Liver X receptors (Liver X Receptors, LXR) belong to the nuclear receptor superfamily and are ligand-dependent nuclear transcription factors, comprising two subtypes lxrα and lxrβ, which are widely expressed in a variety of tissue cell types in the body. Structurally, LXR consists of a ligand independent transcriptional activation region AF1 at the N-terminus, a DNA binding region (DNA binding domain, DBD) and a ligand binding region (ligand binding domain, LBD) at the C-terminus, a ligand dependent transcriptional activation region AF 2. LXR is a core regulator of cholesterol metabolism in body cells, and is closely related to the occurrence of various diseases, such as atherosclerosis, hyperlipidemia, alzheimer's disease, etc.

Atherosclerosis is a chronic inflammatory disease caused by lipid deposition on arterial vessel walls, foam cells formed by macrophages at the vessel walls due to accumulation and transformation of cholesterol are one of key factors for inducing atherosclerosis, and activating LXR in the macrophages can promote cholesterol efflux and inhibit inflammatory reaction so as to antagonize foam cell formation and atherosclerosis. In one aspect, activating LXR significantly upregulates expression of factors ABCA1, ABCG1, which regulate cholesterol efflux in macrophages, promotes cholesterol efflux in macrophages (venkateswanan, a. Et al Control of cellular cholesterol efflux by the nuclear oxysterol receptor LXR alpha. Proc. Natl Acad. Sci. USA 97,12097-12102 (2000), kennedy, m.a. et al ABCG1 has a critical role in mediating cholesterol efflux to HDL and preventing cellular lipid accumulation. Cell metab.1,121-131 (2005)). On the other hand, activation of LXR can significantly inhibit macrophage inflammatory activation, and current studies have found that LXR can antagonize macrophage inflammatory activation through a variety of mechanisms, such as altering the components of membrane rafts to interfere with TLR signaling by ABCA1-dependent means (Ayaka Ito et al LXRs link metabolism to inflammation through Abca1-dependent regulation of membrane composition and TLR signaling. Elife (2015): 1-23).

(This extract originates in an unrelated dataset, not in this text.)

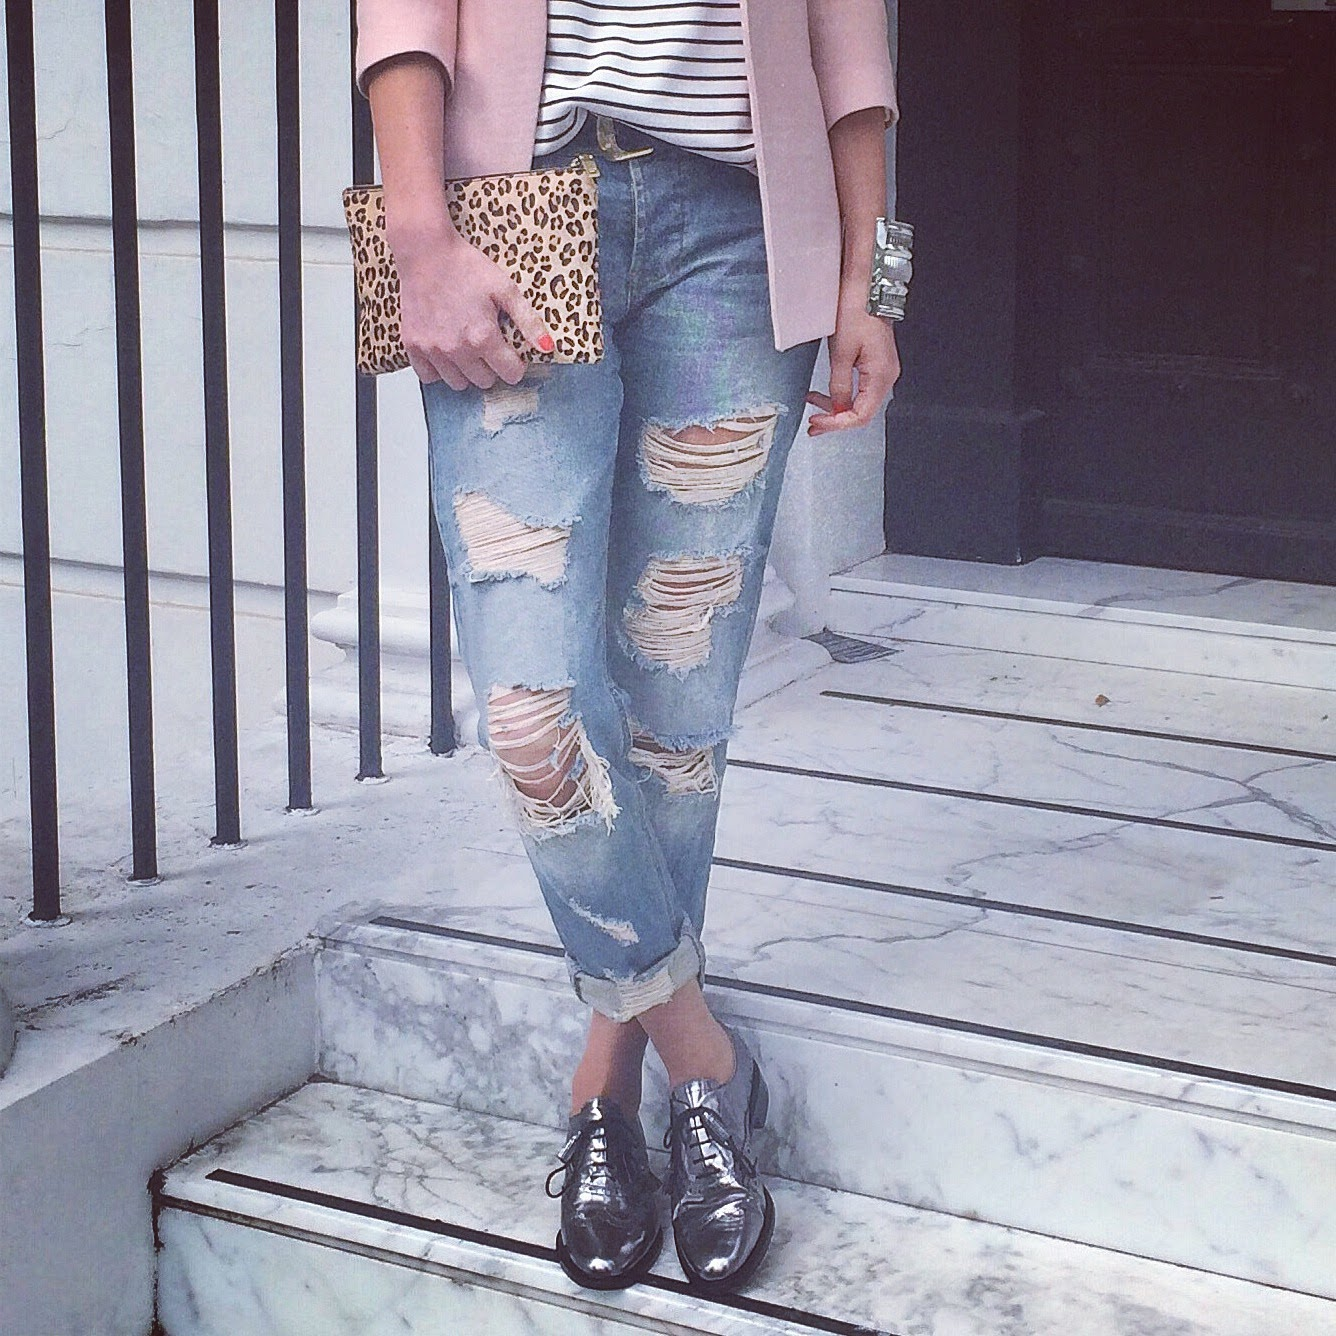 bruges, metallic bruges, hobbs bruges, bruge, asos ripped jeans, asos boyfriend jeans, striped top, breton stripes, pink blazer, blush pink blazer, pink zara blazer, j crew pouch, leopard print pouch
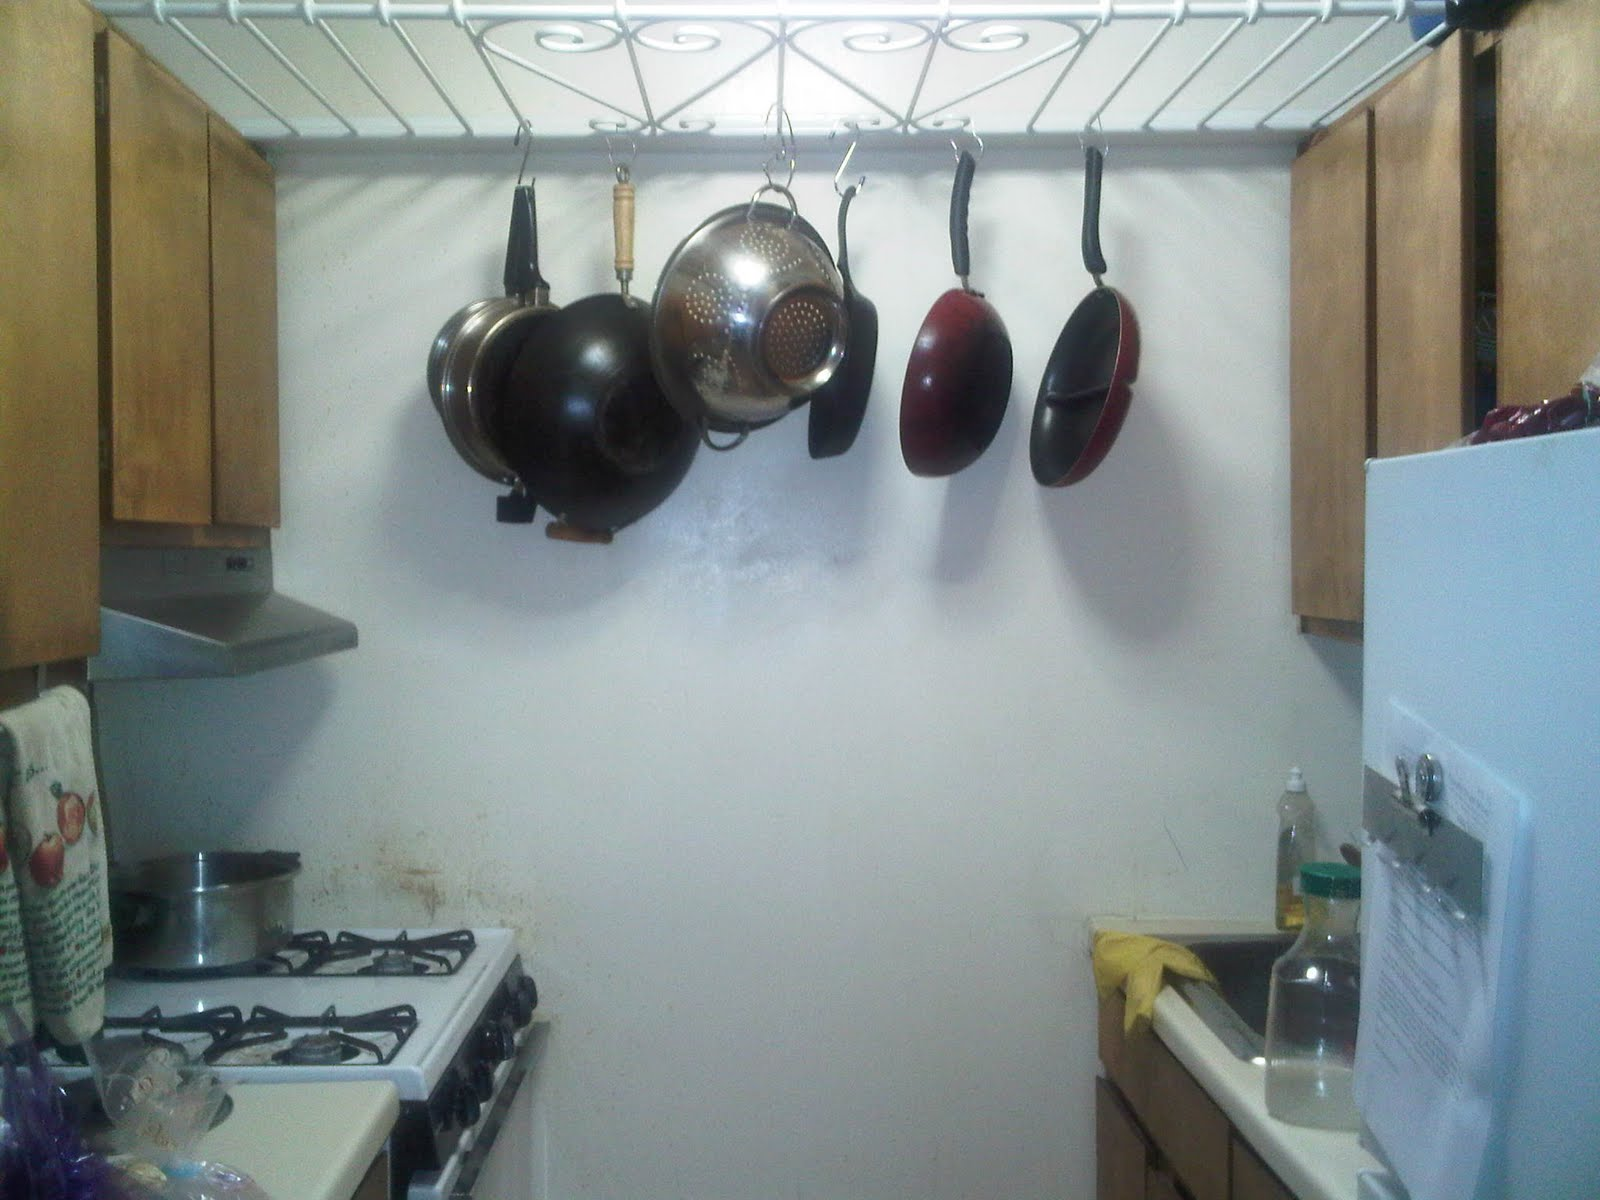 1000+ images about Pot Racks on Pinterest | Pot racks ...

The brain is also an active organ for cholesterol metabolism, and as a key regulator of cholesterol metabolism, the LXR has important regulation and control effects in the occurrence and development of nervous system degenerative diseases such as Alzheimer disease and the like. Microglial cells are taken as resident macrophages of a nervous system, play an important role in clearing damaged neurons, plaques and infection, and play an important role in regulating and controlling the occurrence and development of Alzheimer's disease. Recent studies have found that activation of microglial LXR significantly inhibits neuroinflammation inducing alzheimer's disease, enhances the ability of microglial cells to remove beta amyloid (nom Zelcer et al Attenuation of neuroinflammation and Alzheimer's disease pathology by liver x receptors. Proc. Natl Acad. Sci. USA 104,10601-10606 (2007)), improves microglial lipid metabolism disorders inducing neuronal damage, and suggests that activation of microglial LXR is an important pathway for effective prevention and treatment of alzheimer's disease (Ling Wang et al Liver X receptors in the central nervous system: from lipid homeostasis to neuronal degeneration. Proc. Natl Acad. Sci. USA99,13878-13883 (2002)).

The above description shows that activating LXR can promote cholesterol efflux of macrophages and microglia, inhibit inflammatory activation of macrophages and microglia, and improve occurrence and development of atherosclerosis, alzheimer disease and other diseases related to the inflammatory activation, so LXR is considered as an effective drug target for treating the related diseases. However, as research proceeds, it was found that activation of LXR induces several side effects while treating related diseases, such as activation of LXR enhances hepatic de novo fatty acid synthesis gene expression, inhibits hepatic cell Low Density Lipoprotein Receptor (LDLR) expression, thereby inducing side effects of fatty liver and hyperlipidemia (Zelcer, n., et al LXR regulates cholesterol uptake through Idol-dependent ubiquitination of the LDL receptor. Science 325,100-104 (2009), schultz, j.r., et al Role of LXRs in control of lipogenis. Genes dev.14,2831-2838 (2000)).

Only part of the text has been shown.